*Recorded data*
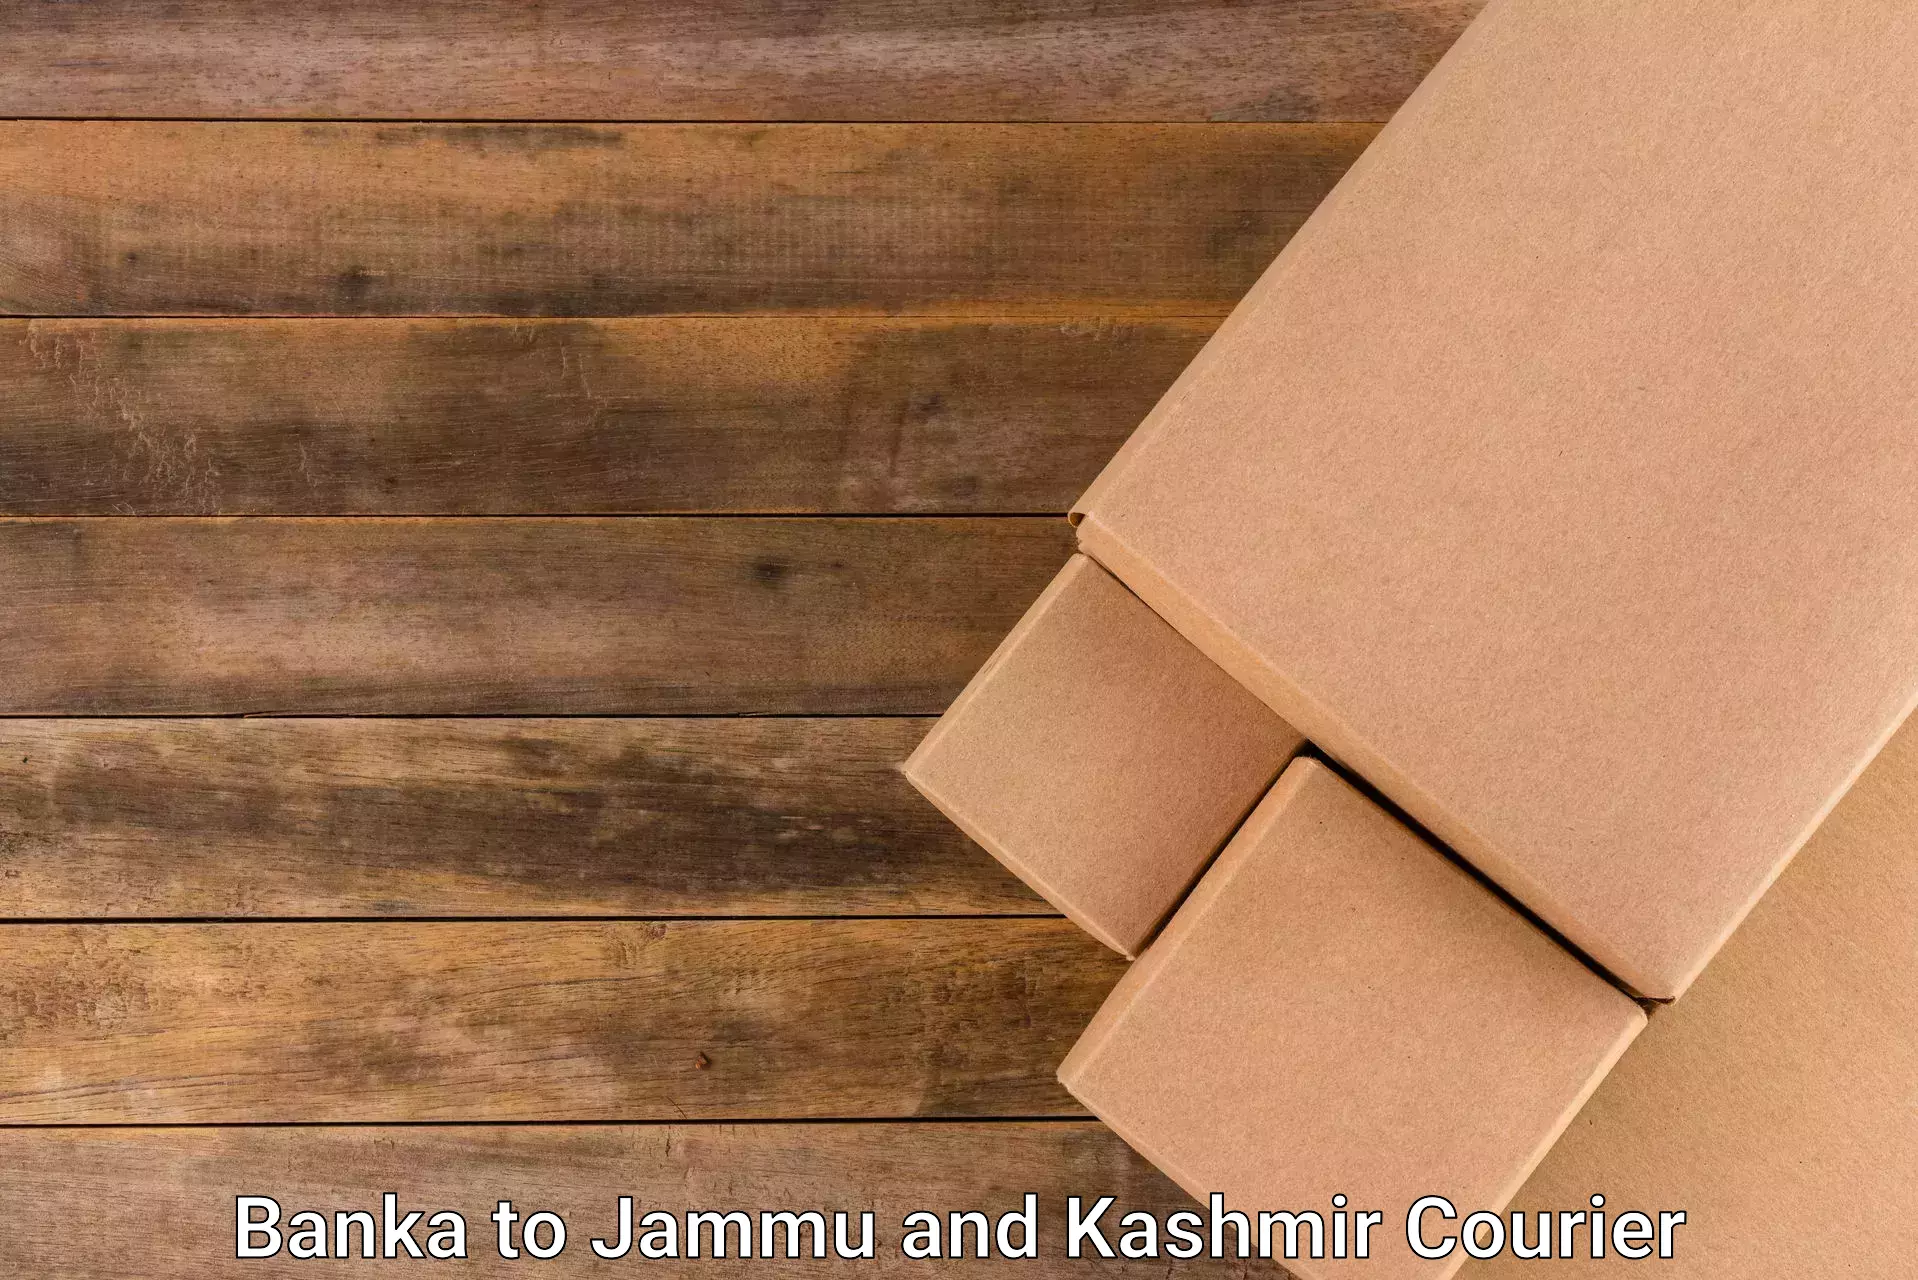 Courier app Banka to Udhampur
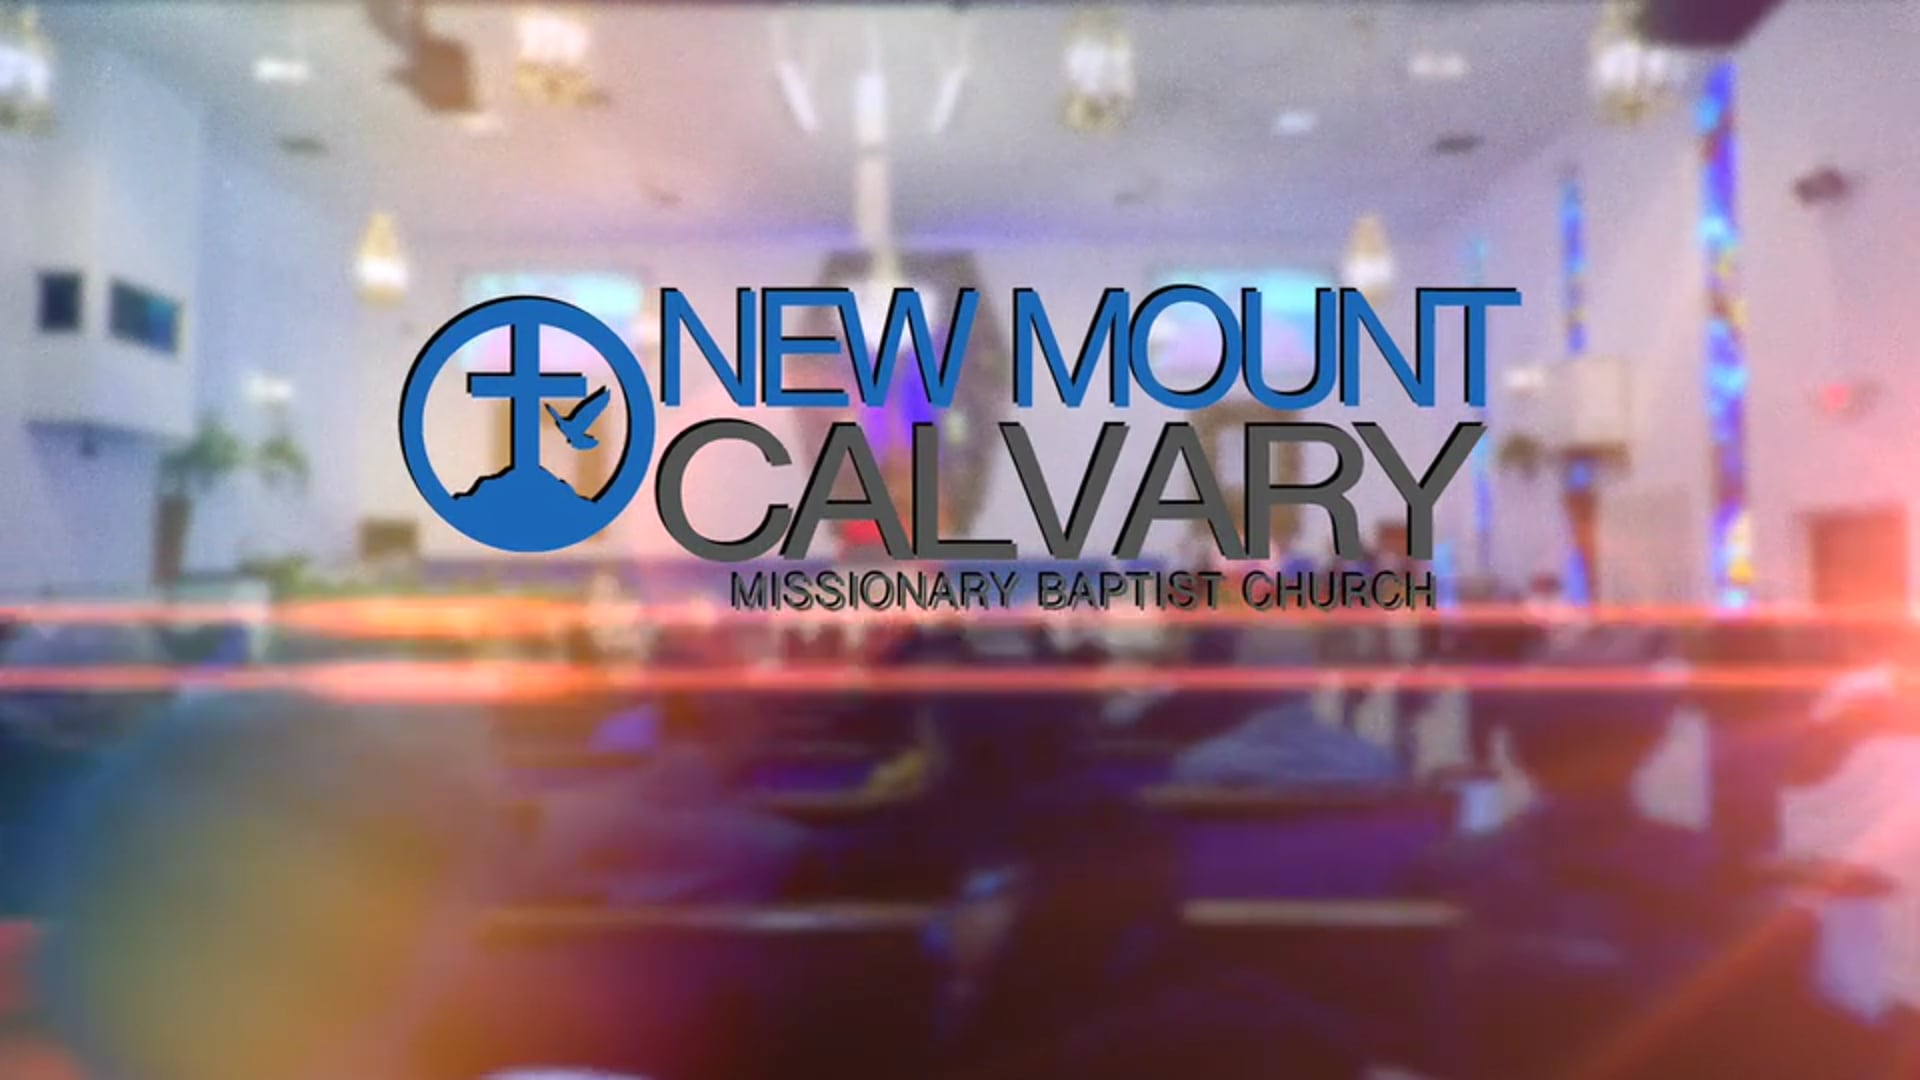 Welcome to The Mount - New Mt. Calvary MBC
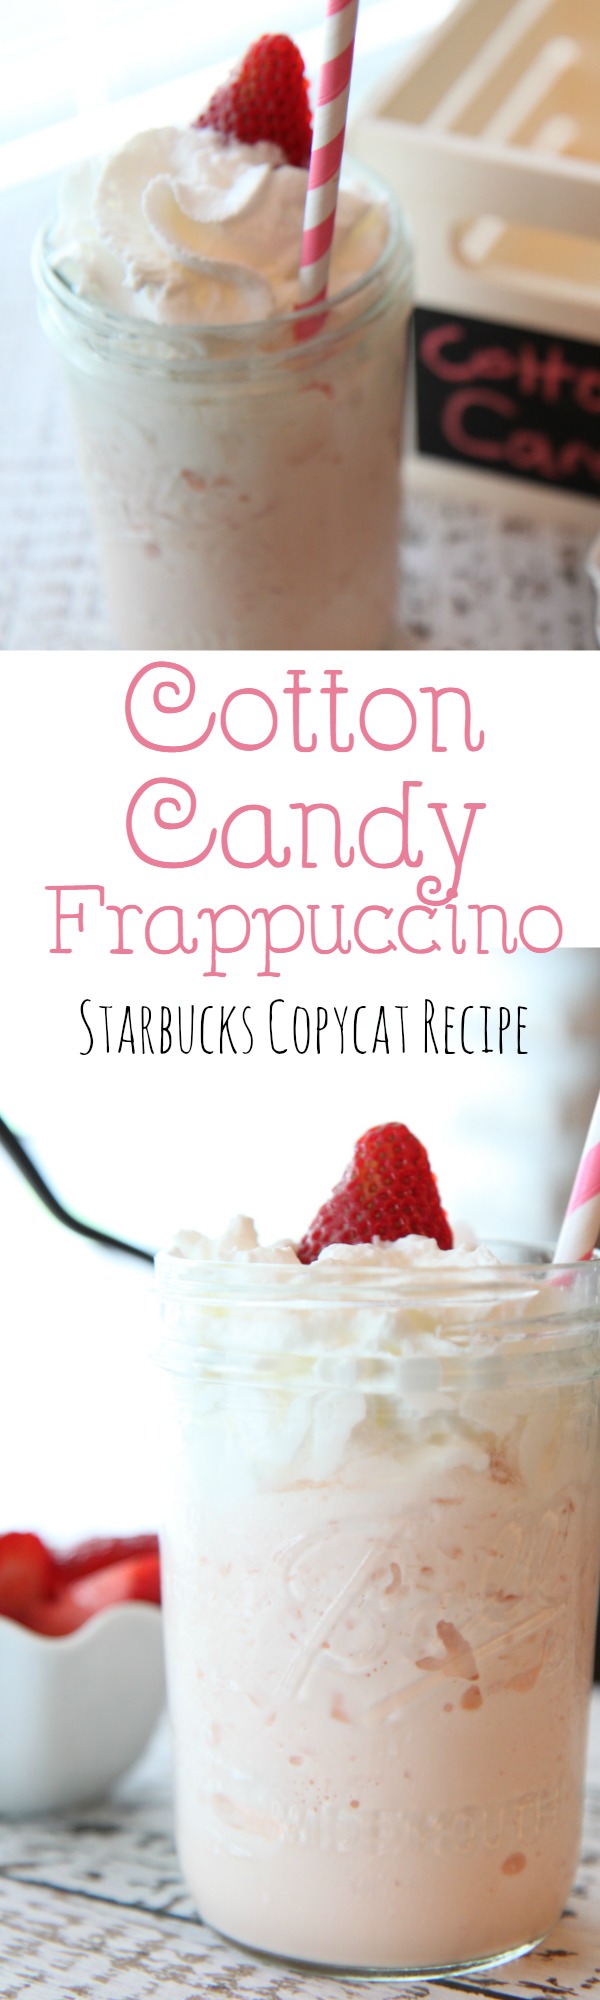 The Cotton Candy Frappuccino from the secret Starbucks menu is easy to make at home. It is just as delicious at a fraction of the price.

*Task to carry out*
Could you repeat all of the material exactly? Pictures should not be copied.

*Exercise output*
 Courier app Banka to Udhampur
 Welcome to The Mount - New Mt. Calvary MBC
 The Cotton Candy Frappuccino from the secret Starbucks menu is easy to make at home. It is just as delicious at a fraction of the price.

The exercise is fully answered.